Paz amó la ilusión de la justa guerra por la independencia de su país. Adquirió en ella la capacidad de saborear el goce estético que se esconde en el renunciamiento, y supo ejercitarse en el sacrificio buscando el triunfo de una idea simple, inobjetable, clara. Ad-quirió también la capacidad de descubrir el goce estético que se esconde en el orden, en el equilibrio de las cosas, en la justa medida, en la regulada expansión del sentimiento, en la moderada indulgencia, en la inteligente comprensión. Todo tenía su encanto, y era camino hacia una esperanza ennoblecida por el sentimiento generoso y el recto juicio: la esperanza de la libertad, “esa libertad —dirá más tarde, melancólicamente— tras la cual, como si fuera una sombra, hemos corrido tantos años”.

Pero de pronto, lo que parecía una misión común, la misión suprema de todos, comienza a parecer secundaria o inútil a algunos. Otros objetivos aparecen, y tras ellos se lanzan unos, separándose de los demás y tornándose muy pronto hostiles a los que no comparten su inesperada y excluyente preocupación. Paz observa que, repentinamente, el panorama se disloca. A los dos frentes legítimos en que él pensaba, suceden innumerables frentes aparentemente ilegítimos que se oponen sin orden, y sin que se termine de descubrir qué fuerza los suscita. La guerra civil ha comenzado. El hombre de orden, el hombre de la esperanza romántica y juvenil, madura repentinamente y se introduce en el duro mundo de los egoísmos y los intereses imperiosos, del resentimiento, de la necesidad. En ese instante, y por un súbito enriquecimiento de su experiencia, Paz evita el peligro de transformarse en un espíritu faccioso. Rechaza las formas de vida colectiva que comienza a predominar, execra los principios que las nutren, pero comienza a ver las necesidades profundas que las suscitan y a comprender los incontenibles móviles que las impulsan. Paz odia la anarquía y desprecia a los caudillos, pero percibe con rara agudeza el complejo movimiento que agrupa alrededor de ellos a los hombres de las campañas, por cuyos complejos e inexplorados espíritus pasean sombras centenarias de anhelos y temores a los que conjura sabiamente sólo quien puede y sabe. El caudillo termina enriqueciéndose a costa del esfuerzo de los suyos, y también por esto lo execra Paz. Pero los hombres de las campañas han seguido tras su ban-dera por irreprimibles impulsos y también por nobles ideales. Paz los descubre y se conmueve; y aparta de sí la condenación que dicta la soberbia para adoptar una discreta e indulgente actitud comprensiva. A veces sorprende la claridad del juicio, la modernidad de los diagnósticos, la precisión de las observaciones en el campo de los fenómenos sociales. Paz no se lleva de vanas palabras, sino que analiza lo que cada expresión, cada mote, cada intencionada consigna esconde tras de sí, para desnudar las realidades de los disfraces con que intencionadamente han sido recubiertas.
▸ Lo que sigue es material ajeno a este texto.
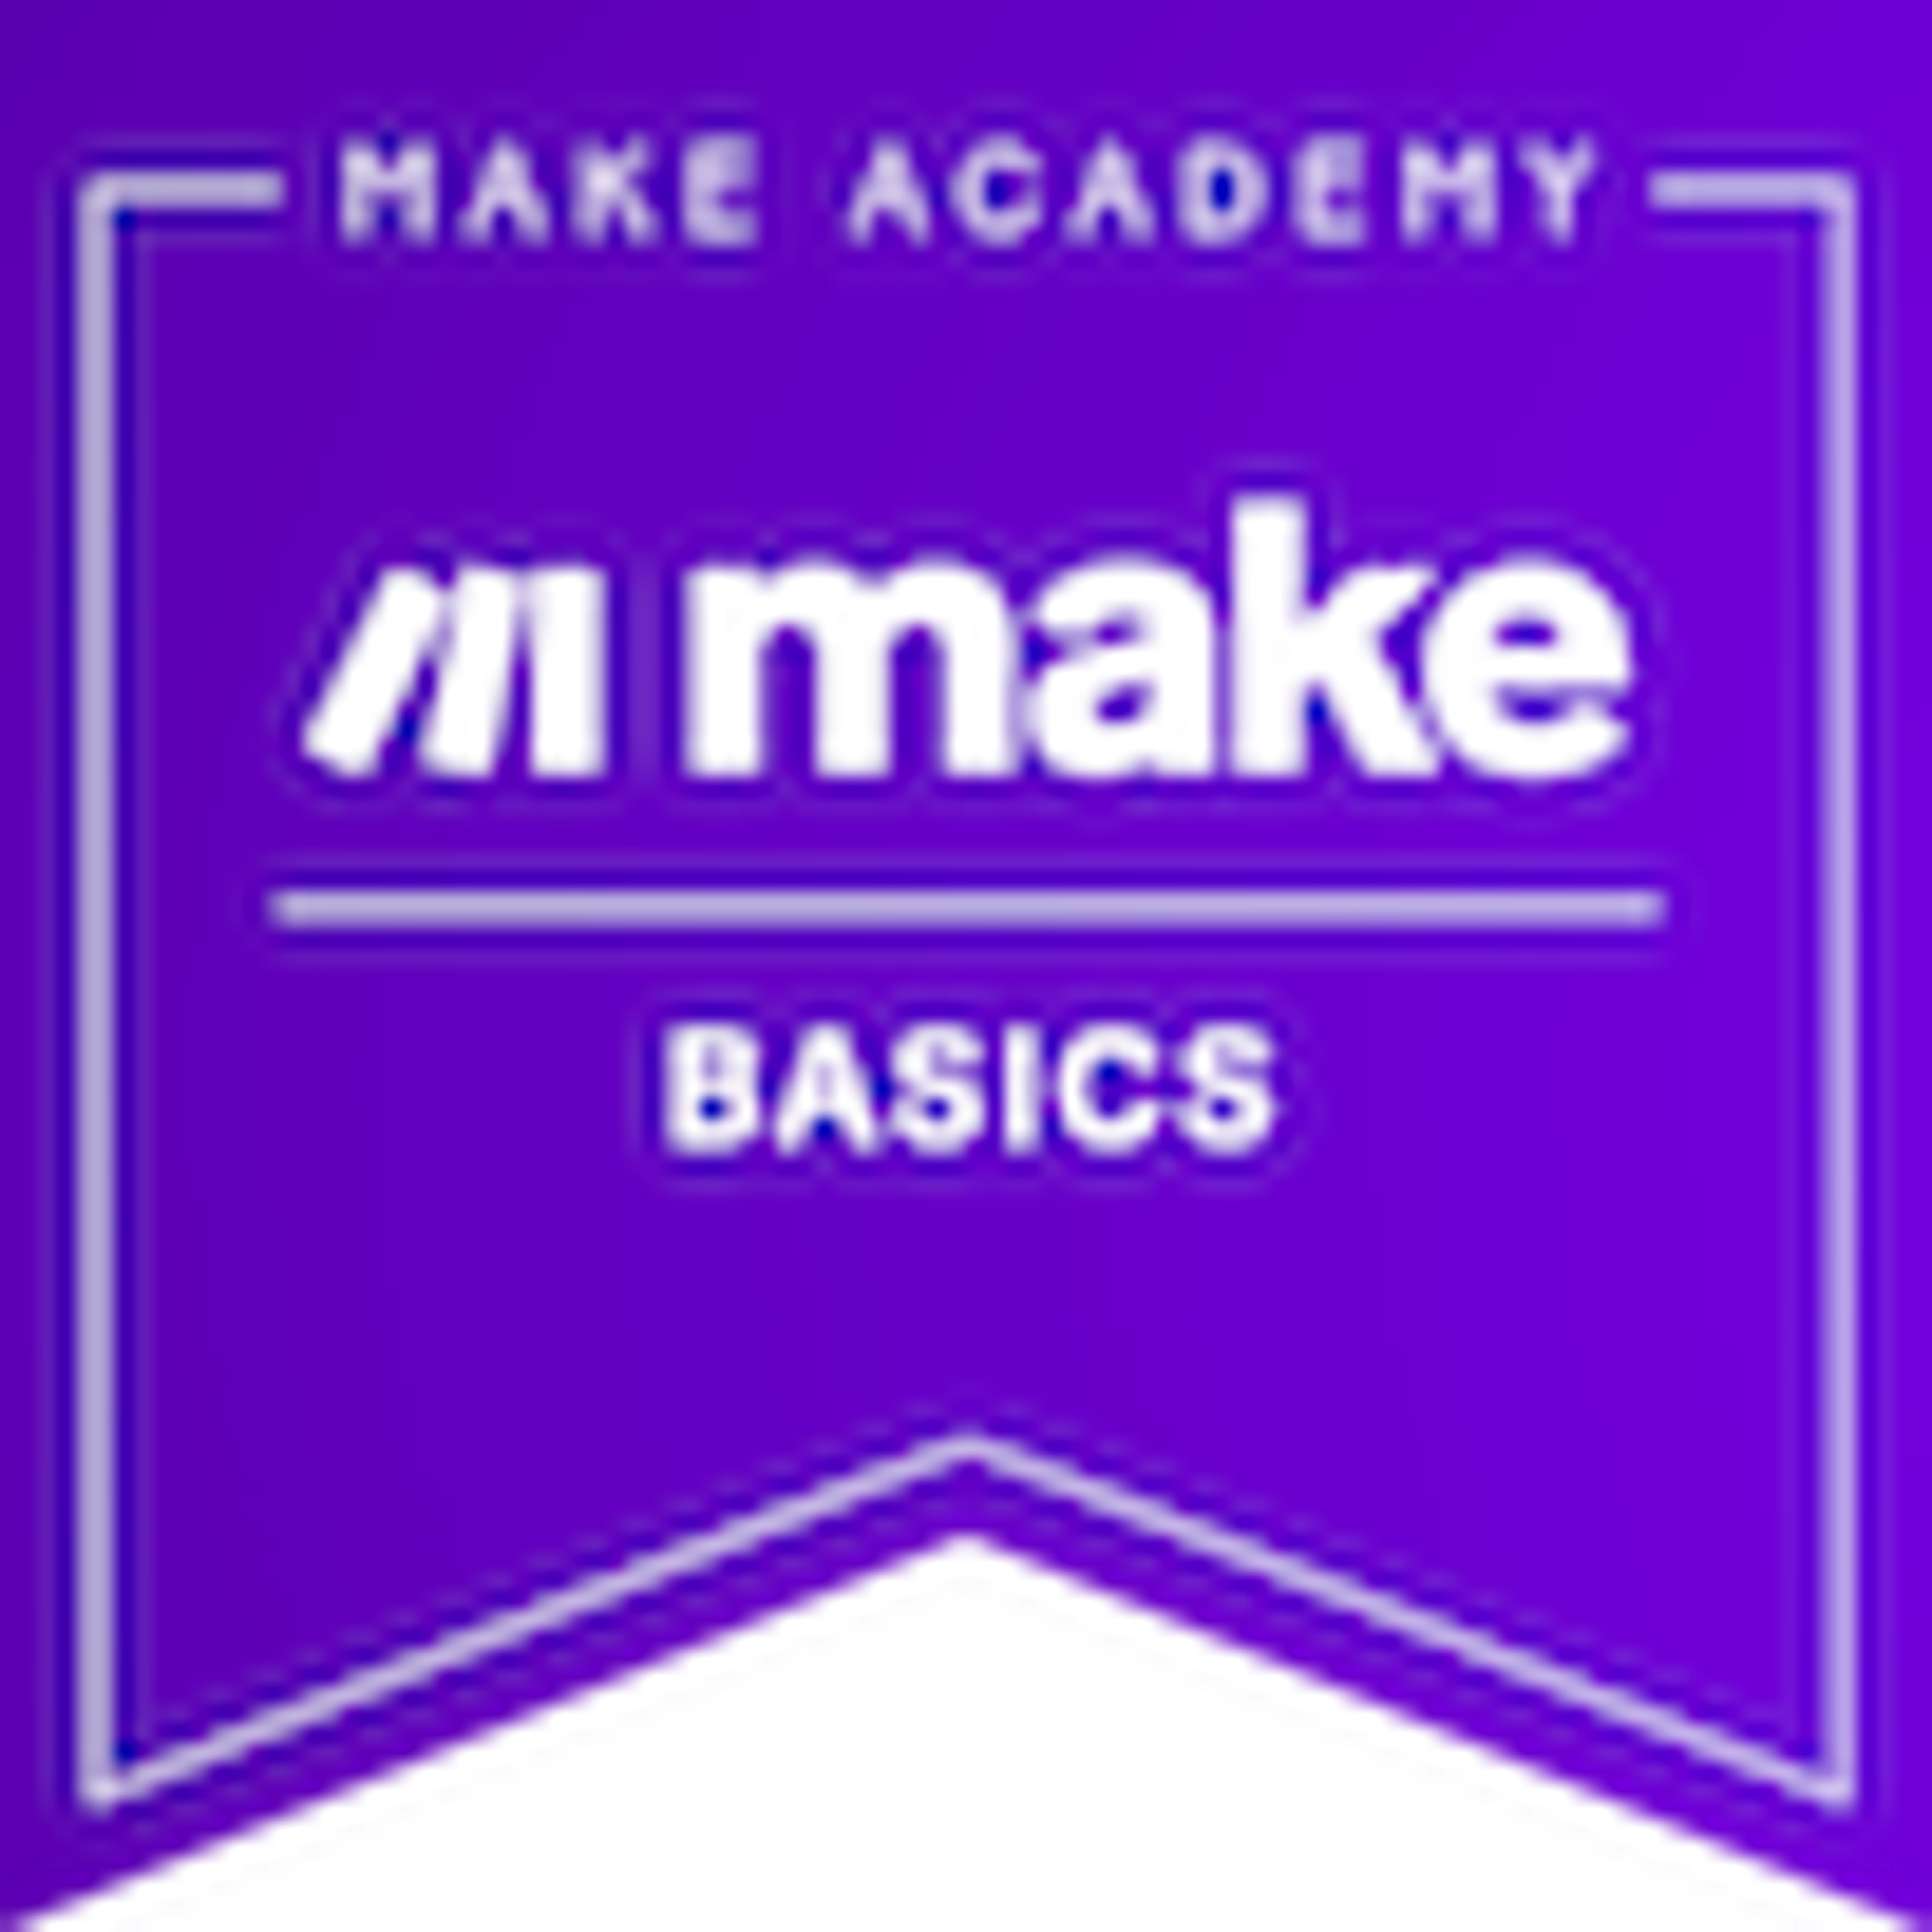 Make Basics Certificate

Su capacidad para comprender no entibia, por cierto, su militancia. La mala causa arrastra a innumerables inocentes, engañados o confundidos; pero él considera que no puede dejar de combatirla para aniquilar a quienes la alientan, a quienes aprovechan de ella. Paz ama la libertad, pero no se engaña acerca de sus contenidos. Le había dolido, al comienzo de la guerra civil, que la causa de la libertad fuera impopular; pero ahora ha descubierto que las palabras suelen ser proteicas y engañosas. Desconfiando de la claridad mental de los suyos —y acaso de las intenciones de alguno—, Paz quiere que el sistema de divisas convencionales se adapte a las circunstancias reales. Referidas a los unitarios, escribe palabras memorables en relación con la orientación política adecuada a los momentos de profunda crisis social. “No se puede comprender —dice— cómo hombres dotados de incuestionables talentos y que profesan el positivismo, se han persuadido que podían conmover una nación con declamaciones vagas, en que predican amor a la libertad y horror al despotismo. Preciso era presentarles una idea, un principio, un sistema que les diese esperanzas de ver realizados sus votos, y que los sacase del terrible círculo de anarquía y desorden en que giran hace cuarenta años”. Por no querer aceptar los principios de la fac-ción, arrostró Paz el desdén de sus compañeros de causa, y acaso la desconfianza. Mas debió arrostrarlos a causa de su sinceridad y su clarividencia, en las que suelen verse pecados de soberbia.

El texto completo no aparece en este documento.